┌──

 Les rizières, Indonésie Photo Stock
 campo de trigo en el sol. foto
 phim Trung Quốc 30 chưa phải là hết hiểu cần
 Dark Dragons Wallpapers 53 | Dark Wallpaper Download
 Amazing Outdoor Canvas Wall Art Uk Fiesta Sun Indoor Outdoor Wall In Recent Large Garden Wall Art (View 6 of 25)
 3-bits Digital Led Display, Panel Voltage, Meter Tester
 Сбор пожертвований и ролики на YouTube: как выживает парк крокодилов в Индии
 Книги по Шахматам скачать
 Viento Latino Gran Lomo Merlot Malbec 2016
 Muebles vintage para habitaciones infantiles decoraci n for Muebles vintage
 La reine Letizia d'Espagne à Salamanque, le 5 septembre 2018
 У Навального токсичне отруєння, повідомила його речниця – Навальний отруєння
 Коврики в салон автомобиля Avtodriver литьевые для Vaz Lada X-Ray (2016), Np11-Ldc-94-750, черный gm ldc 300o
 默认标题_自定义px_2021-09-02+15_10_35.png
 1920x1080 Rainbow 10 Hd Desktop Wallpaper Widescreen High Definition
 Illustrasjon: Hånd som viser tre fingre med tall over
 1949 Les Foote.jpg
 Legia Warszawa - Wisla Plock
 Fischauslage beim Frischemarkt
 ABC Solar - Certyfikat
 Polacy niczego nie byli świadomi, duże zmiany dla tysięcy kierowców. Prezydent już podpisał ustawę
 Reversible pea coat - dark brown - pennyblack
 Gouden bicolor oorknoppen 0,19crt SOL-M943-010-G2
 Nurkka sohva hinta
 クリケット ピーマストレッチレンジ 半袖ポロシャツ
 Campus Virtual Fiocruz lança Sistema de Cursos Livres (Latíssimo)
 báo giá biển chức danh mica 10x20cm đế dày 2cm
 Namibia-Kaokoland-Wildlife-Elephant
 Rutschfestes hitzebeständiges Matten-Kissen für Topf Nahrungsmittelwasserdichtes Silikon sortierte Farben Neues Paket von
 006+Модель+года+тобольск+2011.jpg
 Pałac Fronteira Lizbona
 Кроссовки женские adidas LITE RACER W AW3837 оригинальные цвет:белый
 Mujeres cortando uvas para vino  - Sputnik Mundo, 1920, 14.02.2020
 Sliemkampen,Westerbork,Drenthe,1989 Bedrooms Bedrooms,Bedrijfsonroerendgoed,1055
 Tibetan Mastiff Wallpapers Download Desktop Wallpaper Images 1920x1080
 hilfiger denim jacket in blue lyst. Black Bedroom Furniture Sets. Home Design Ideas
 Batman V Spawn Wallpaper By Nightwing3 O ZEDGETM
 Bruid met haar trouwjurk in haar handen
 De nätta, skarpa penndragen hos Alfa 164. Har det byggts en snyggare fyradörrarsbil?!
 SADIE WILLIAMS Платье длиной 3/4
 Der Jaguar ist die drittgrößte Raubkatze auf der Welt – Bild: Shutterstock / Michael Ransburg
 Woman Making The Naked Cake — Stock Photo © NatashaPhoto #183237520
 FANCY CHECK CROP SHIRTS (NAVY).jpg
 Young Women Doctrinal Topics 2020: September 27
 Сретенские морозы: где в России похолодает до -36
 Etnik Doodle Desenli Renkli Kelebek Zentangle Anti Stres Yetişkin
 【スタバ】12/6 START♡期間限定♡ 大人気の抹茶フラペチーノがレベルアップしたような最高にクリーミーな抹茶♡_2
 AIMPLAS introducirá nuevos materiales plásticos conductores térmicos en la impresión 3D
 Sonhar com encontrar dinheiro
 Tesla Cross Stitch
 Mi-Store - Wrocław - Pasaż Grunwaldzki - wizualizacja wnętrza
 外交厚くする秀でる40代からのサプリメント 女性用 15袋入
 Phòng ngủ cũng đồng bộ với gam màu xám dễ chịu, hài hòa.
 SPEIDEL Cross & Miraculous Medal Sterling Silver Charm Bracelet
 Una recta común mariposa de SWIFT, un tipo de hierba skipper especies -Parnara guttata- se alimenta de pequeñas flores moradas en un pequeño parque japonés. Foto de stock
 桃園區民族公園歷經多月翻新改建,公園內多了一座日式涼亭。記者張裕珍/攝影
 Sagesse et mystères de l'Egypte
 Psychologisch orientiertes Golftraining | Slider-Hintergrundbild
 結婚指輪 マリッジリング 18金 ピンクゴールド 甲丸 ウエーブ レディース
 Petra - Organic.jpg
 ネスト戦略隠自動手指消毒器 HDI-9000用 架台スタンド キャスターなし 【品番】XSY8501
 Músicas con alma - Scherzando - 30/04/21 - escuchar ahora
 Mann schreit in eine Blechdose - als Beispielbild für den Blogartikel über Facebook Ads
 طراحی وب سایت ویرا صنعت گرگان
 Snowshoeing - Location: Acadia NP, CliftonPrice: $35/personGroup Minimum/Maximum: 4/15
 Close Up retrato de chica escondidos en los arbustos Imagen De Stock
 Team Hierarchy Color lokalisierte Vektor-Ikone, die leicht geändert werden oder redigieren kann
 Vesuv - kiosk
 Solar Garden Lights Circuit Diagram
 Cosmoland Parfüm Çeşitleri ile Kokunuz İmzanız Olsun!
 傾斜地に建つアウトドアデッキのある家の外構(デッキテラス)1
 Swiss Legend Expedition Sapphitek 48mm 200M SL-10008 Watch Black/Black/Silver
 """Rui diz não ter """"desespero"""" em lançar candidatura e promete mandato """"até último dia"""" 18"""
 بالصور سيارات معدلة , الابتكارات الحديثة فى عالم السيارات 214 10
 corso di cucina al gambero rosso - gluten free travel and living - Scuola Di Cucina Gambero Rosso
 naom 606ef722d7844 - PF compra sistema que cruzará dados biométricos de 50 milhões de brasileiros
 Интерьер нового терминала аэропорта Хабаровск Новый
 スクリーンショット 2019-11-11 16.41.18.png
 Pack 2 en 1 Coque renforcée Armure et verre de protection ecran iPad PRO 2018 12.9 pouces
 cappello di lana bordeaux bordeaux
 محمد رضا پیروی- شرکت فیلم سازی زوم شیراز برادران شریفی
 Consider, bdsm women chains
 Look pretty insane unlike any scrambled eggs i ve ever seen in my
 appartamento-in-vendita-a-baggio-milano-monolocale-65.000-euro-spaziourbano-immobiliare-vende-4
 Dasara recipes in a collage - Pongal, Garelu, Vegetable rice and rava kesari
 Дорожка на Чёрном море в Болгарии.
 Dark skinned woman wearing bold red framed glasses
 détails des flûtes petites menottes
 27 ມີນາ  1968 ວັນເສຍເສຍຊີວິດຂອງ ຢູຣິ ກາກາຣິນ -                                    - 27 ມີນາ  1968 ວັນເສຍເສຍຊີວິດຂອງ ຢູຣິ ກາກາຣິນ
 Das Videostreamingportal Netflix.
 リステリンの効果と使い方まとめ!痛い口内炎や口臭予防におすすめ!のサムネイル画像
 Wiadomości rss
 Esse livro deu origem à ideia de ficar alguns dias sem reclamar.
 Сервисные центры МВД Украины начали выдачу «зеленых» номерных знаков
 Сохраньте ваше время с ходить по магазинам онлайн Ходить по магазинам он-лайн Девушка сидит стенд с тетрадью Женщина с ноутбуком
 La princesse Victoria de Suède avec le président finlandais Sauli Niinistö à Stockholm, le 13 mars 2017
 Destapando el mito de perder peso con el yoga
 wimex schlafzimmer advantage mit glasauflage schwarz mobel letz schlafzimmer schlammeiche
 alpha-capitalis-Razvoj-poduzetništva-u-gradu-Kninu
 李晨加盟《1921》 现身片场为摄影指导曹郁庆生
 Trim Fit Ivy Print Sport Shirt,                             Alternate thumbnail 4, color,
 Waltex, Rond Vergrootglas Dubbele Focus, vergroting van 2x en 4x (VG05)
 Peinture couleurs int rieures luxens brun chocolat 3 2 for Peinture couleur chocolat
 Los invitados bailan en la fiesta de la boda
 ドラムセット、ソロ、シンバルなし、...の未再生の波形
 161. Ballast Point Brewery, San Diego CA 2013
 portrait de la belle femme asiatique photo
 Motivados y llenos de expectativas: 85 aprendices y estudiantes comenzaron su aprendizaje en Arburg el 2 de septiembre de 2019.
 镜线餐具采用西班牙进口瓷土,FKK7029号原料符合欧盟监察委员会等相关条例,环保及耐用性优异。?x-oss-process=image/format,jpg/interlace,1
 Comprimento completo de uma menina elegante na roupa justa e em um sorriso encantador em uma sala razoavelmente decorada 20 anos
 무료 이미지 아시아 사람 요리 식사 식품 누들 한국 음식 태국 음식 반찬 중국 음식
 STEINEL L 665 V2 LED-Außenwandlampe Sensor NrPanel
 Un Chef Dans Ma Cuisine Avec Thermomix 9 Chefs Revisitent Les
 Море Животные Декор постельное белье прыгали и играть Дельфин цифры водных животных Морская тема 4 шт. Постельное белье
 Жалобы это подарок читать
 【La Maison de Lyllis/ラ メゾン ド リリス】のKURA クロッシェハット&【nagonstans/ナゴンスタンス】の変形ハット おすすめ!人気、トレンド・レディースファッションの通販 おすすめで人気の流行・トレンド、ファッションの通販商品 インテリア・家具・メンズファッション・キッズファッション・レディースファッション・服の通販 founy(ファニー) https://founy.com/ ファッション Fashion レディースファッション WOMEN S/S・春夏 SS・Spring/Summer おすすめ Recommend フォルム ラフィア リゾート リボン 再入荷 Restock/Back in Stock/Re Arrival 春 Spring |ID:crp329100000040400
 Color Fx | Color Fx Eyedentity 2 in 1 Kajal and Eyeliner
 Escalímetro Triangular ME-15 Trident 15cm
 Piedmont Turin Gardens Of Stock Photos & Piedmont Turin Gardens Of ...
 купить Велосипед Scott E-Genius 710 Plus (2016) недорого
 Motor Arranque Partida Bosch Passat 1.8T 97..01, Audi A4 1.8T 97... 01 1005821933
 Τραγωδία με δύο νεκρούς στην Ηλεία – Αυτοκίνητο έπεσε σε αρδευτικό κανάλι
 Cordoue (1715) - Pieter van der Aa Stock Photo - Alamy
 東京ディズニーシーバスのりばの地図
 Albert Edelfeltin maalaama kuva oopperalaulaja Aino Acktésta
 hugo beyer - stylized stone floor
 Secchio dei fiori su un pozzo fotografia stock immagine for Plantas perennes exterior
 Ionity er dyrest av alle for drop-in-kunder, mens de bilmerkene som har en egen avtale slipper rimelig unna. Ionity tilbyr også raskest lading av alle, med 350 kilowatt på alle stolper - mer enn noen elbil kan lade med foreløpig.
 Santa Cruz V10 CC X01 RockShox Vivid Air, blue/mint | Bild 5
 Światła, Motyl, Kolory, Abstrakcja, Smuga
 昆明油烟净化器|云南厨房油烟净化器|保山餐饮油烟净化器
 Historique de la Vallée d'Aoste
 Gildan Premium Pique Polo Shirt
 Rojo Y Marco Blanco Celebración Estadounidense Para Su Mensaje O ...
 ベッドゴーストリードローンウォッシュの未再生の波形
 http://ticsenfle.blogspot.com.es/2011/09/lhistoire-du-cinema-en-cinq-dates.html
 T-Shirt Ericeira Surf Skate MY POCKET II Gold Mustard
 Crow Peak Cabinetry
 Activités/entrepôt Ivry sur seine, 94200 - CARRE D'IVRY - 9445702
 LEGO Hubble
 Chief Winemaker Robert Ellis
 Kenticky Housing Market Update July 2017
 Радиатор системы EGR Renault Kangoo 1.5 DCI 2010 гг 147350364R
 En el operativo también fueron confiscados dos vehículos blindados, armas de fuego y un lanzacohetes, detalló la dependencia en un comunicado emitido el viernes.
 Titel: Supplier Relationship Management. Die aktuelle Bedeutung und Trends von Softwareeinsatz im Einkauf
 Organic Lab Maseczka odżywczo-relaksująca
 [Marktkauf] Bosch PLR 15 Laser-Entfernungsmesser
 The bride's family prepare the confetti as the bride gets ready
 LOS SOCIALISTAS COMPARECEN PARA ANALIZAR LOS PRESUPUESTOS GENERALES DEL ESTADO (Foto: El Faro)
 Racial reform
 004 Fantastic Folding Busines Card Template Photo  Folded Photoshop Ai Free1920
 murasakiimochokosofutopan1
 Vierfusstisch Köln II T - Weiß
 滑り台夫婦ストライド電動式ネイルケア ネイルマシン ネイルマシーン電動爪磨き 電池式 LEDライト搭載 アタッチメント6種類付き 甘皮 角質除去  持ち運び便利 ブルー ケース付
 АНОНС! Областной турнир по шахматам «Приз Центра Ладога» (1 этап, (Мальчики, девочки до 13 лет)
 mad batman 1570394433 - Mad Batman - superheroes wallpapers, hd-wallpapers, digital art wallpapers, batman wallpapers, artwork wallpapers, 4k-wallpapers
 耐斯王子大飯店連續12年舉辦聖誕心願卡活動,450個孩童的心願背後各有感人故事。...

└──

» **Work to complete**: For each line in the records that contains the word "Solar", make a copy.

» **Exercise output**:
 ABC Solar - Certyfikat
 Solar Garden Lights Circuit Diagram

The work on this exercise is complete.